Introduction
This project can be found here on my GitHub.
At FLVS we have a Coding Club which I am apart of. The club does a lot of things, but every once in a while we do club projects, where we work on something as a group or individually, then present the project. I had a lot of Ideas for this upcoming project, but as I was preparing for my ACT, specifically the Math section, I was quite annoyed that a CAS wasn’t allowed on the test. In comparison, the SAT allows one of the math sections to have a calculator and it can be a CAS calculator. CAS stands for Computer Algebra System, a piece of software that can symbolically work with expressions. I love CAS a lot, not only because it helps me with my work but also I love the idea that I can symbolically work with expressions. Basically telling a computer how to work expressions. I had no idea how to write a CAS (and I still don’t know how to write one well) but I decided that it’d be a fun idea to write one. I was reading the The Rust Programming Language by Steve Klabnik and Carol Nichols and was starting to get confident in the language, so I decided to challenge myself by writing a CAS. This CAS is written in sub par Rust code as this is only my first project in the language. This overview will assume you have a basic understanding of Rust.
Knowledge Gathering
I first began by understanding what a CAS is composed of by parts, and most importantly what my implementation will be like. The resources for writing a CAS are quite minimal online, and I wasn’t really in the mood to dig super deep into papers. Besides, I really wanted to create my own CAS without any sort of pre-written example code, and instead rely on an Abstract paper which goes over the ideas of a CAS vs. the implementation of a CAS. There is plenty of CAS libraries that I could have utilized to get an idea of how to write one, but I instead opted to just utilize parts of The History of the Calculus and the Development of Computer Algebra Systems, most notably Part 5 which goes over the ideas of a CAS. I haven’t studied Calculus yet so it was a bit futile reading about stuff I don’t fully understand yet.

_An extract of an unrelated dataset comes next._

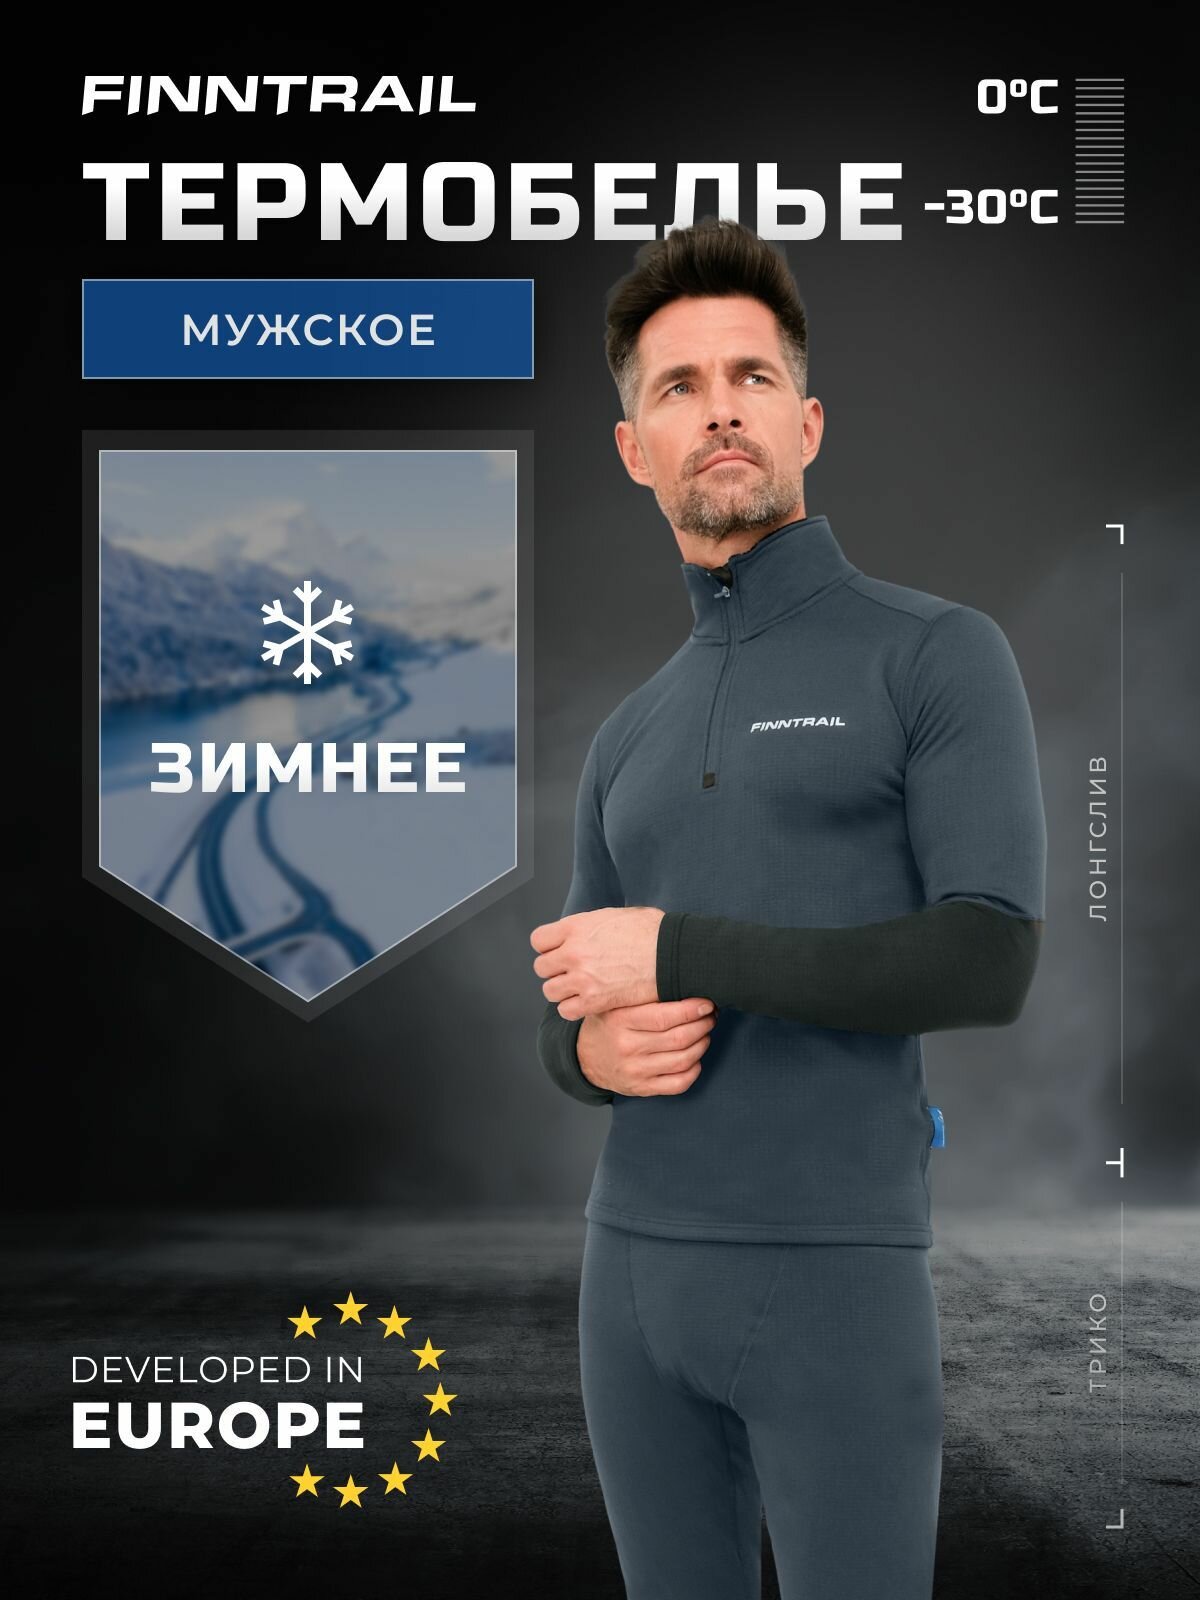 Термобелье мужское Subzero теплое зимнее флисовое влагоотводящее для похода рыбалки лыж туризма
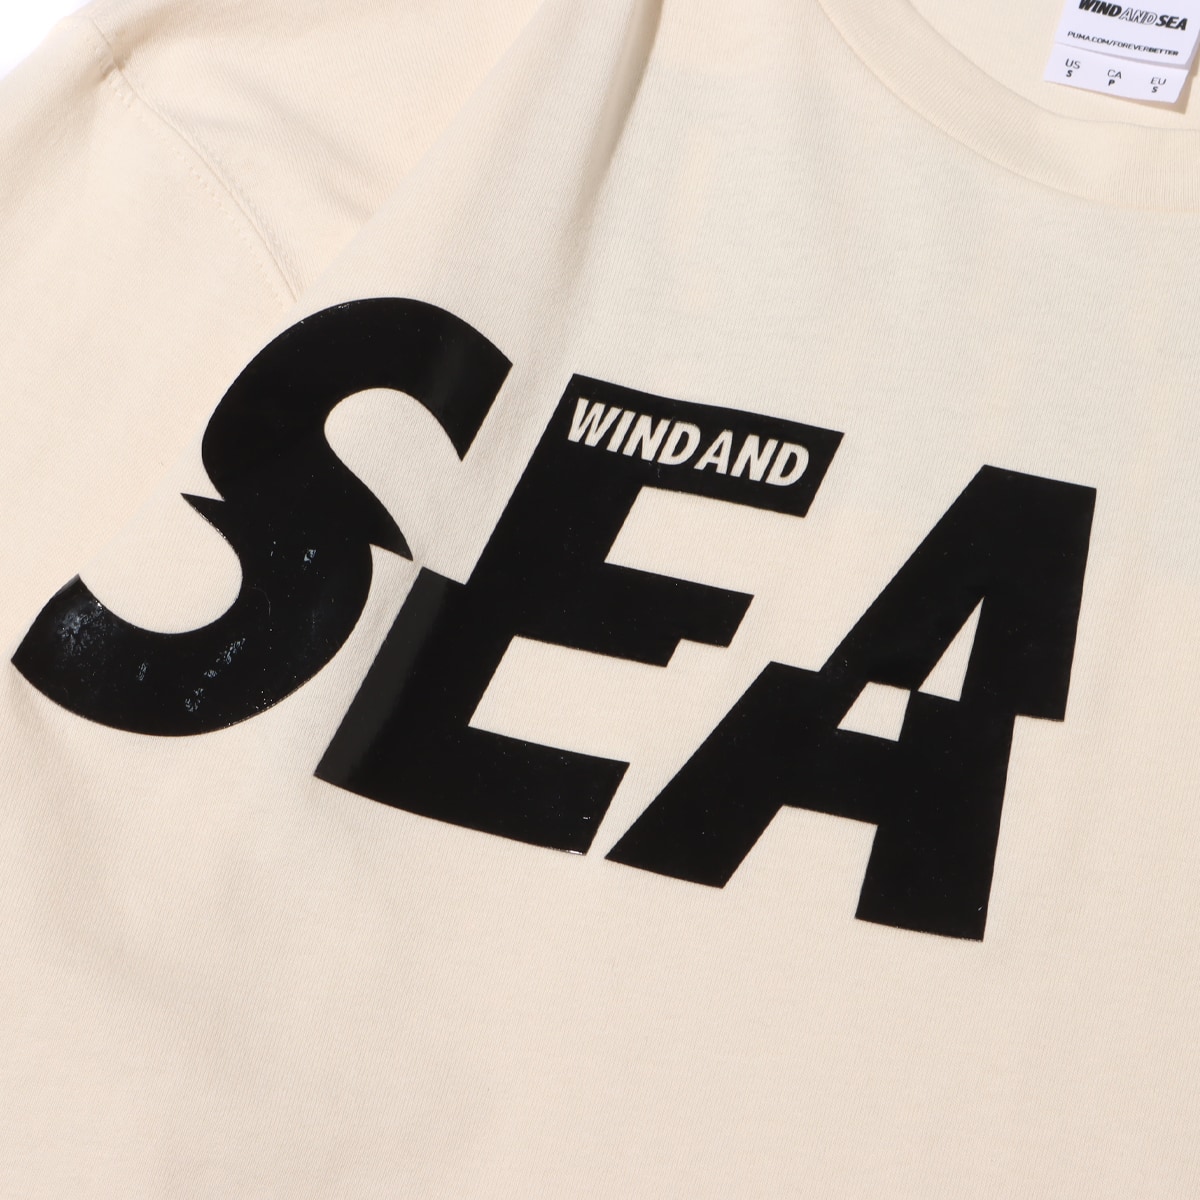 Lサイズ　WIND AND SEA × PUMA コラボTシャツ

The paper utilizes the idea of a “Syntax Tree” as the data structure to represent an equation. This is done so that there can be multiple variables and to further simplify expressions, but due to time constraints and just minimizing the complexity of the project I opted to use a Binary Tree instead, thus only allowing for one variable. The difference here is that the Syntax Tree can have more than two children node, while the Binary Tree can only have two. This implementation is far from ideal for actual usage, as basically any complex expression that would be worthwhile to compute would include more than one variable. Along with this, the CAS must work recursively. The CAS supports:
- Parenthesis
- Exponents
- Multiplication
- Division
- Addition
- Subtraction
If that order sounds familiar it is because it is, it is PEMDAS, something everyone learns. The order of operations in this case must be weighted reverse though, SADMEP. In actuality though Division and Multiplication are waited the same, and so is Addition and Subtraction. So it more looks like ASMDEP, but we don't have subtraction so it finally is just AMDEP. Instead of looking for the left most expression, we would instead go for the right most. This is important because for an expression like \(x \div 3 \times 2\), if we worked it should be \(2 \times x \div 3\), but writing it as a tree and not using the ASMDEP right-left rule, it'd be like writing \(x \times (3 \div 2)\) and I don't think we want that.
What We Are Working With
The Token Enum
The Token enum is defined as:
|
|
These are what each node's `data_type` can be, but LGROUP and RGROUP end up never being on our tree. Subtraction can be removed as \(x - x\) can be defined as \(x + (-1 \times x)\) and \(-x\) can be defined as \(-1 \times x.\)
The Tree Structure
The tree structure is defined as
|
|
The Box
pointer puts data on the Heap. This lecture by Sami Alqadi on the CS196 at Illinois channel goes over Smart Pointers in the Context of a Linked Lists, which includes the Box
pointer. If you want to understand these Smart Pointers more I recommend that video along with Learn Rust With Entirely Too Many Linked Lists. Line 1 says that the Structure is cloneable. Each Node consists of 3 parts. One, a data_type
that is a Token (as defined above). Two, an Option of a Box of a Node. And finally three, another Option of a Box of a Node. The left and right do matter, and the tree (should) follow these rules:
- When there are two NUMs, lesser NUM goes to the left.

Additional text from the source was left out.